The car she and her 16-year-old son Aiden bought two weeks ago has been stuck in a tow lot almost since the day they bought it. Police impounded the car because the temp tag on the back was fake.
Rodriguez said she got the temp tag from the man who sold her and her son a 2005 Chevy Equinox for $1,800 cash. Although the transaction took place at a McDonald’s, they said the man assured them he worked for a dealership on 18th Street in Kansas City, Missouri.
“We test drove it,” Rodriguez said. “Everything checked out OK. He had a title.”
Besides a fake temp tag, here’s where the story gets even worse.
When Anita tried to get the car registered, so she could get it out of the tow lot, a Kansas motor vehicle inspector told her she didn’t have the correct paperwork.
“She tells me I’m missing a Missouri reassignment form,” Rodriguez recalled.
Missouri dealerships have to provide that form to out-of-state buyers. But, like most people, neither Rodriguez nor her son had any idea they needed that form.
Rodriguez immediately called the seller, only to discover he had blocked her phone number.
She’d been struggling to get this problem solved for two weeks (as the daily tow fees keep mounting), when she called FOX4 Problem Solvers.
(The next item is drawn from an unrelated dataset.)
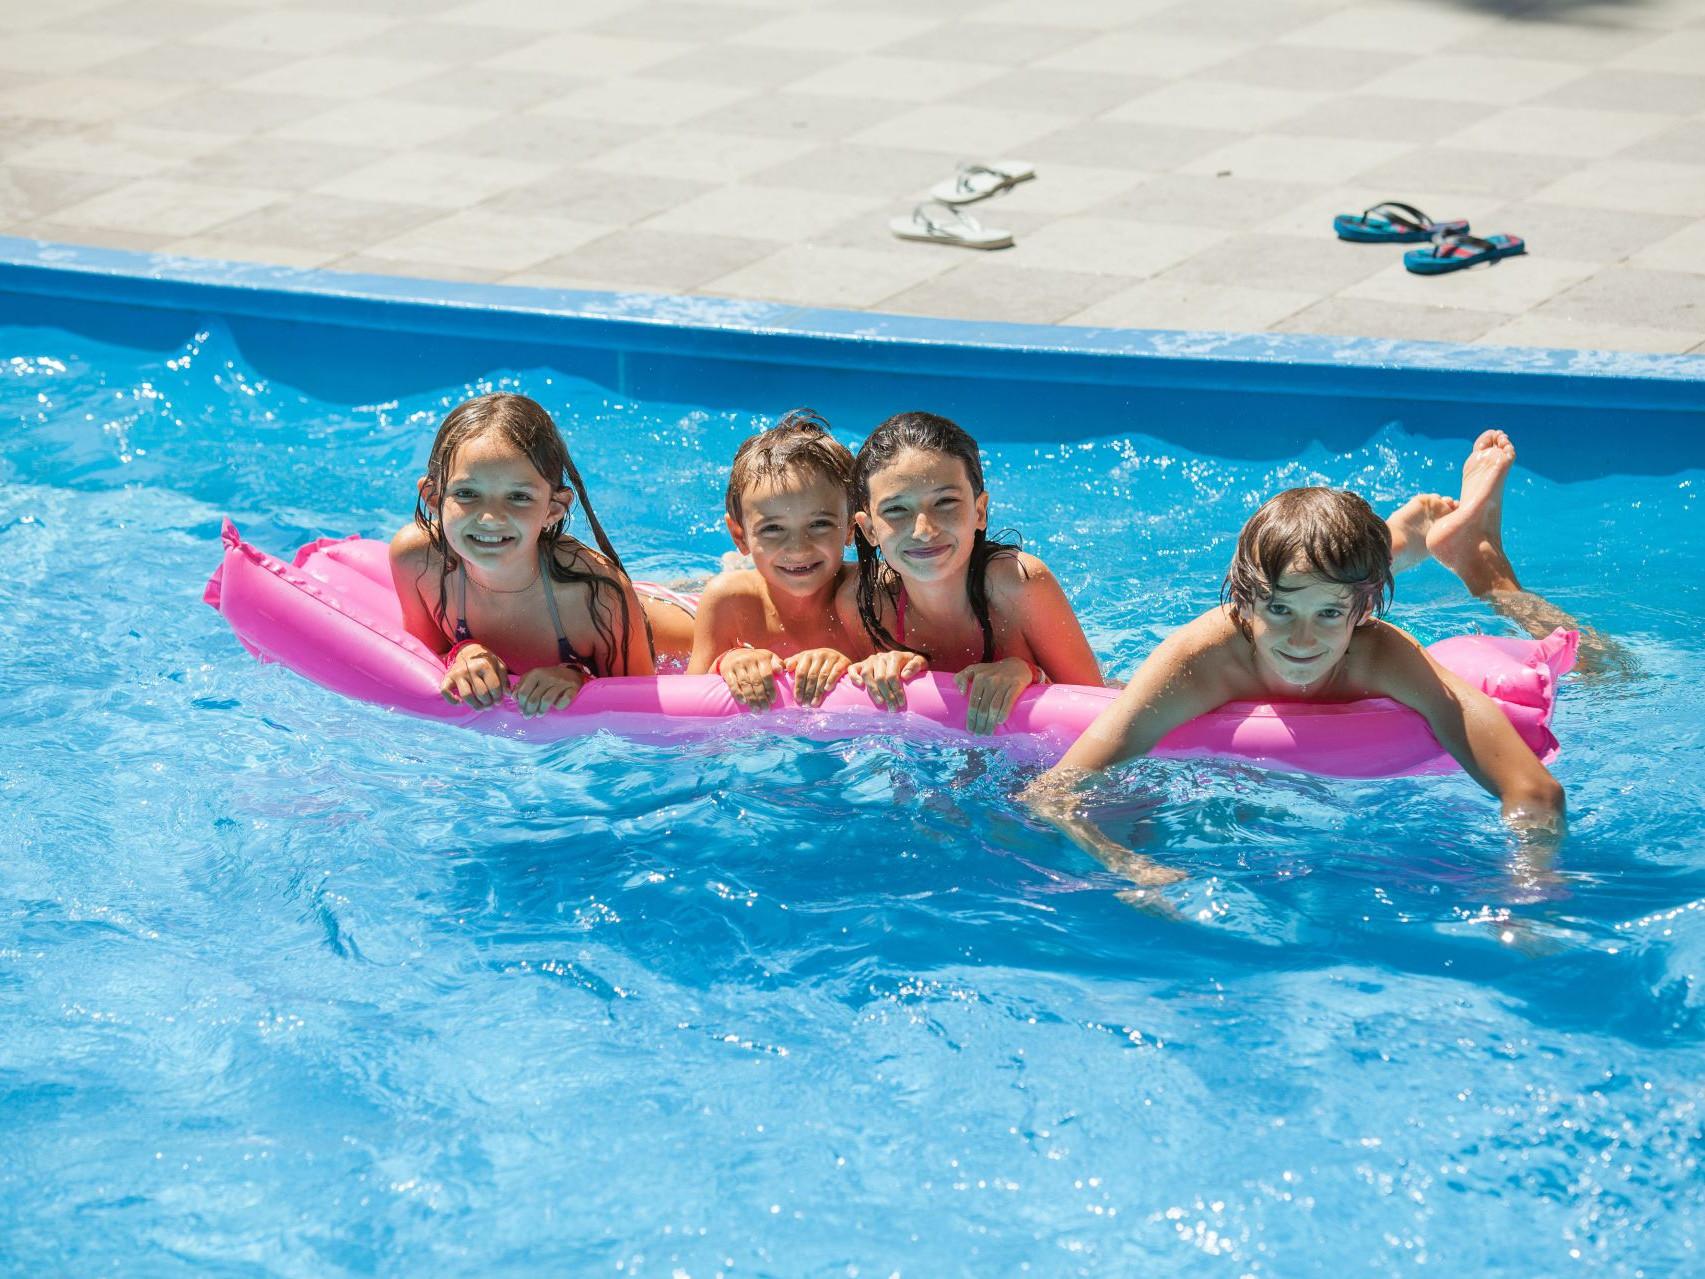 kids club 09 14845841663 o uai - Zora Hotel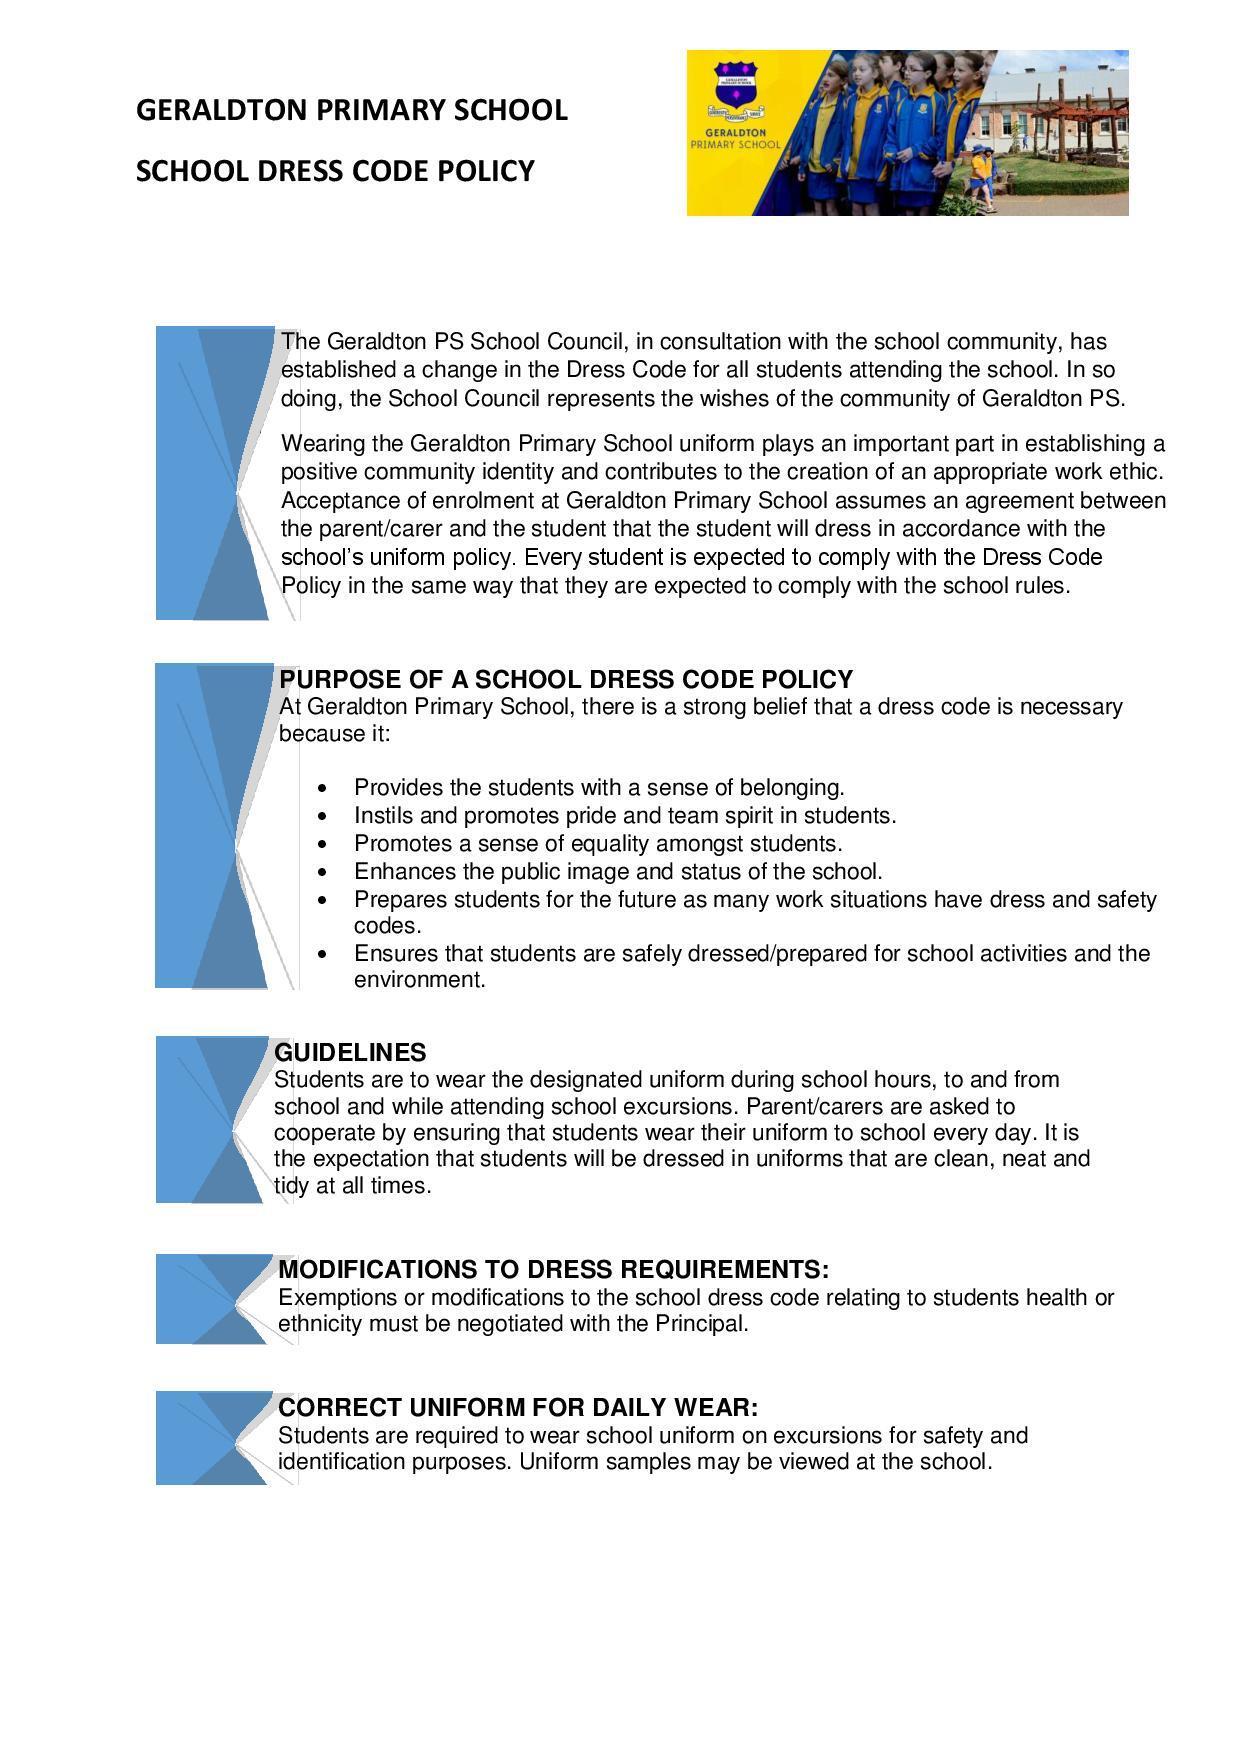 2018 Geraldton PS School Dress Code Policy - Draft - Nov 2017-page-001

Rodriguez said she felt particularly bad for her son, who worked all summer to earn the money for the car and planned to use it to commute between school, work and athletic events.
“I feel so heart broken,” she said with her voice breaking. “I really do – on so many levels.”
To try and solve this problem, FOX4 Problem Solvers paid a visit to the car lot on East 18th street where the man who sold the car supposedly worked. But the folks at the car lot told us they’d never heard of the man.
Plus, the name of the car lot on 18th Street is not “Roy’s Quality Auto” – even though that’s name listed on the back of the title. So not only was the temp tag fake, but there was a fake dealership listed on the title.
We then paid a visit to Midwest Motor and Sales, the car dealer who, according to the title, sold the car to Roy’s Quality Auto. The owner told us he was shocked to hear about happened to Rodriguez and her son and offered to solve the problem.
He bought the car back from Rodriguez, then resold it to them and included a Missouri Reassignment Form, allowing them to register the car in Kansas and get it out of the tow lot.
“Thank you, thank you, thank you,” said Aiden, who is back behind the wheel again and back in charge of his life.